LETTER ERRONEOUSLY SENT TO PARENTS
GRANTS ELIGIBILITY TO EVERY STUDENT
THAT TOOK TEST FOR G&T PROGRAM
By Alan Z. Forman
What does it mean to be “gifted and talented” in Howard County? Is every student in the public school system a G/T scholar?
That’s the question parents of Howard County elementary and secondary schoolchildren were asking this week, as the county’s public school system mailed a letter to parents of students who had taken a test for eligibility to Howard’s Gifted & Talented Education Program telling them their child had “qualified.”
The county is famous for attracting families from more expensive areas in Maryland who move to Howard because it’s known for having excellent public schools combined with more affordable living arrangements. But does that translate into all its students being gifted and talented? and far above the national average intellectually and academically?

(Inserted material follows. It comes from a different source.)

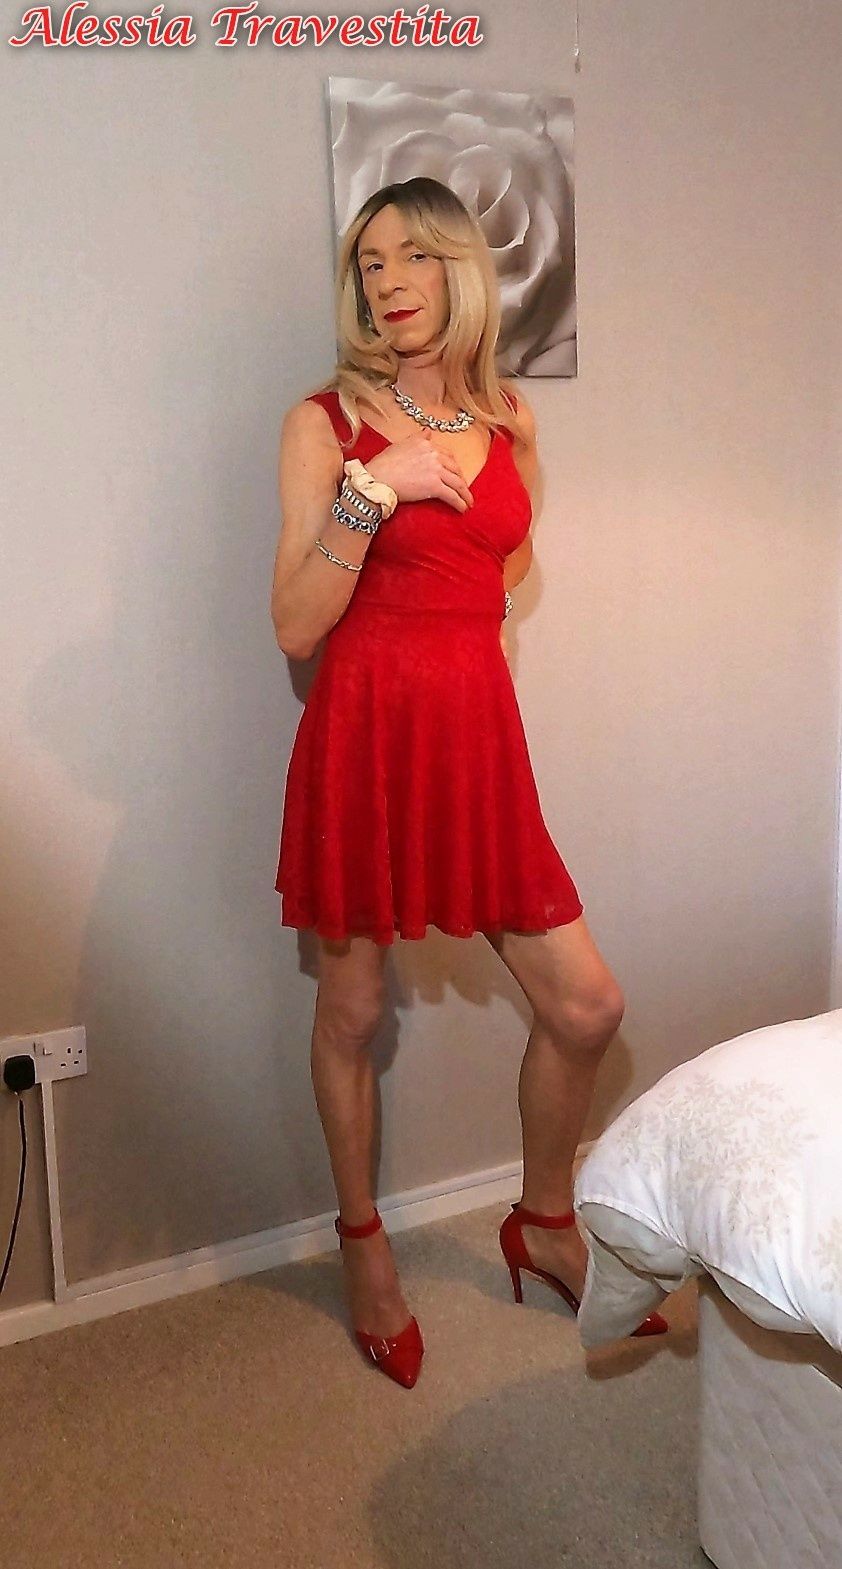 65 Alessia Travestita in Flirty Red Dress #44

The letters mailed a week ago Thursday to parents of learners who are not way above average would make it seem so. But the information contained in the letters, telling all parents their children had been accepted into the G&T Program, was incorrect.
“We had a quality control error, a coding error,” the county school system’s director of communications told Voice of Baltimore in a telephone interview at week’s end.
“All of the kids who tested got a letter saying their ‘cut score’ had met the requirement for G/T eligibility,” Rebecca Amani-Dove explained.